Let me give you an example of just how out of control government has become. Former Secretary of the Navy John Lehman reports that during the Second World War, we commissioned 1000 ships a year, and the Navy purchasing department that year, which they called the Bureau of Ships, had 1000 employees. By the time John was Secretary during the Reagan Administration, we commissioned 17 ships a year. And Navy purchasing had grown to 4,000 people. Today, we commission 9 ships a year. And purchasing? It's grown to 24,000 people. A business like that would be out of business.

We must cut the size of the federal workforce. On President Obama's watch, we've added more than 140,000 federal workers. The American people are increasingly working to support the government. It should be the other way around.

I will reduce the federal payroll by at least 10%, saving $3.5 billion a year. And we can save billions more by cutting extraneous federal contractors.

It's not just the size of the federal workforce, it's also the cost. Since President Obama took office, the number of federal workers making $150,000 or more has doubled.

I will limit the salaries and benefits of workers in the public sector to those for workers in the private sector. Public servants should not get a better deal than the taxpayers they work for. By linking government pay with private sector pay, we will save as much as $47 billion a year.

There are still other ways to make the federal government work more efficiently and effectively. We will attack the rampant fraud that exists in numerous government programs by enacting far stiffer penalties for those who steal from taxpayers. Cutting improper payments in half can save more than $60 billion a year. And we can save nearly $11 billion a year by repealing a political giveaway that protects unions from competition and drives up the cost of government contracts: it's time to repeal Davis Bacon.

We will also find savings by combining certain government agencies and departments. For example, it makes very little sense that trade policies and programs are administered by so many offices in so many departments. Today, trade matters are housed in the Office of the U.S. Trade Representative, the Department of Commerce, the International Trade Commission, the International Trade Administration, the Department of Homeland Security, and the Department of the Treasury. And guess who gathers our trade data? None of the above; it's the Census Bureau. Too many chefs not only spoil the broth, they make it inedible and prohibitively expensive.

In sum, I will make the federal government simpler, smaller, and smarter by eliminating programs, by sending programs back to the states, and by making government more productive. I will provide for the national defense, enforce our laws, preserve our safety net, and honor all our promises to our elderly. This is the right course for a moral nation.

Deficits do in fact matter. They matter if we want to convince entrepreneurs to start businesses. They matter if we want employers to start hiring. They matter if America is to avoid the shoals of economic calamity. They matter if America is to remain the shining city on a hill. To those who say that deficits don't matter, to those who spend and borrow to win the praise of the short-sighted, we assert that you are in the wrong, and we are in the right.

My dad used to say that "the pursuit of the difficult makes men strong." Our next president is going to face difficult choices.

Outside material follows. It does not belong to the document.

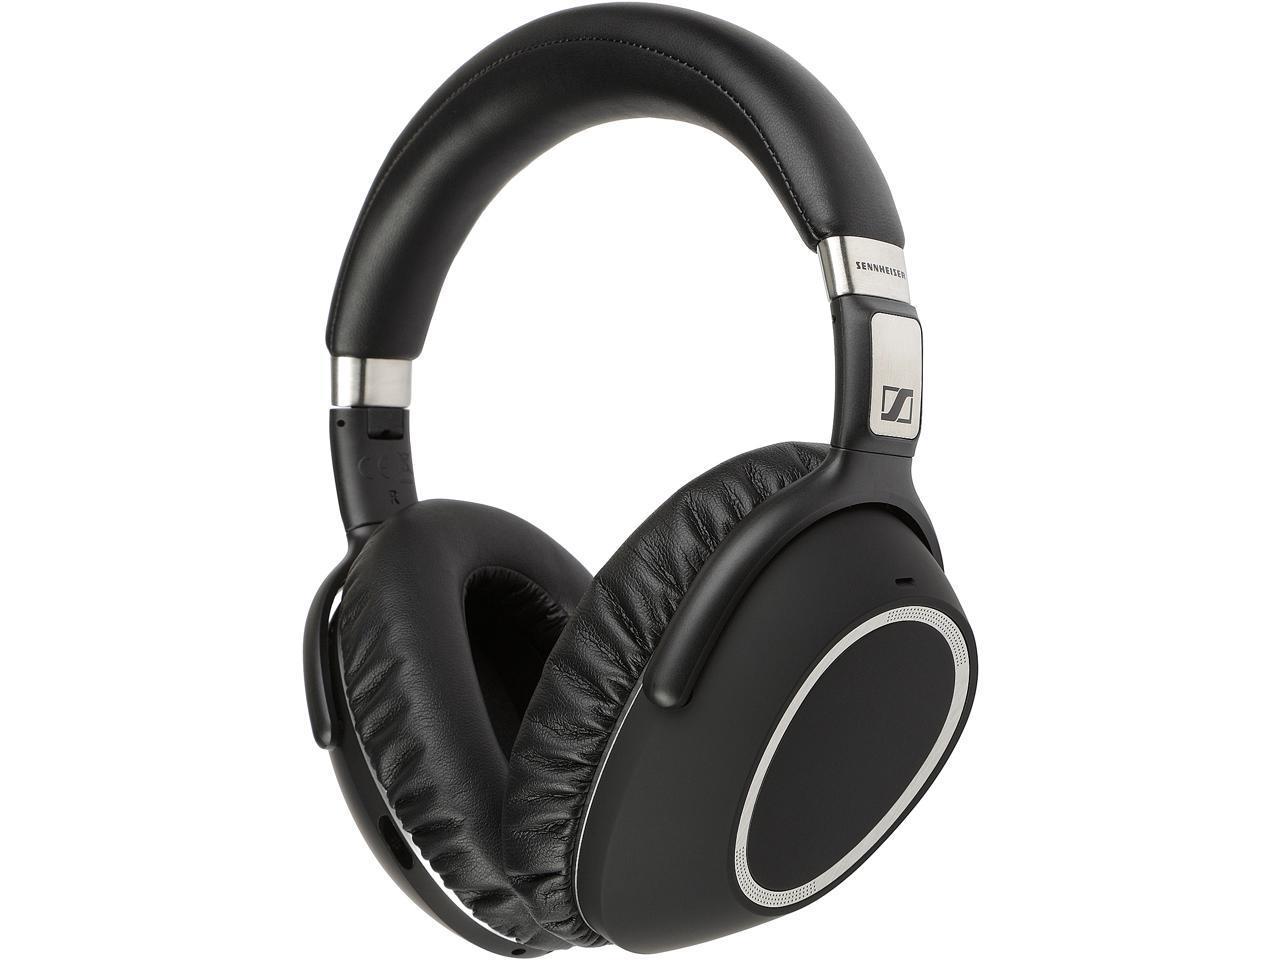 Sennheiser PXC550 Over-Ear 3.5mm Wireless Bluetooth Headphones (Black) + $75 Gift Card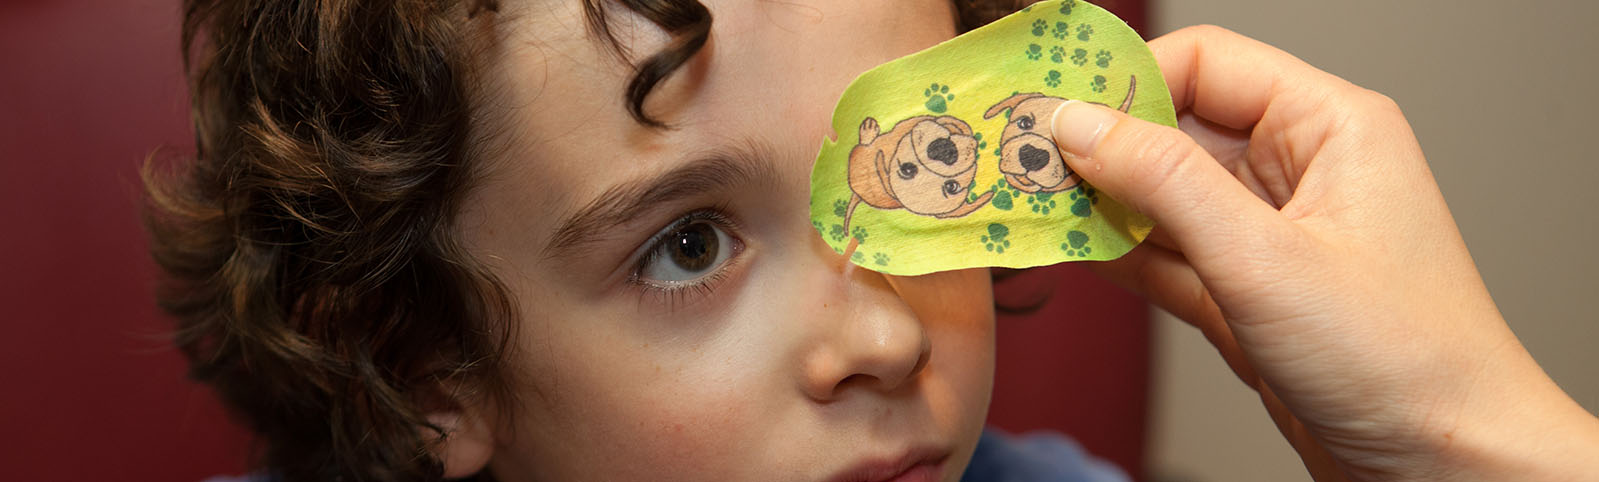 oftalmologia_pediatrica_ojo_vago_tratamiento_parches_

Among these will be the future of Social Security and Medicare. In their current form, these programs will go bankrupt. I know that, you know that, and even our friends in the other party know that. The difference is that I will be honest about strengthening and preserving them, and they won't.

President Obama has failed to articulate a single serious idea to save Social Security.

I believe we can save Social Security with a few commonsense reforms. First, there will be no change for retirees or those near retirement. No change. Second, for the next generation of retirees, we should slowly raise the retirement age. And, finally, for the next generation of retirees, we should slow the growth in benefits for those with higher incomes.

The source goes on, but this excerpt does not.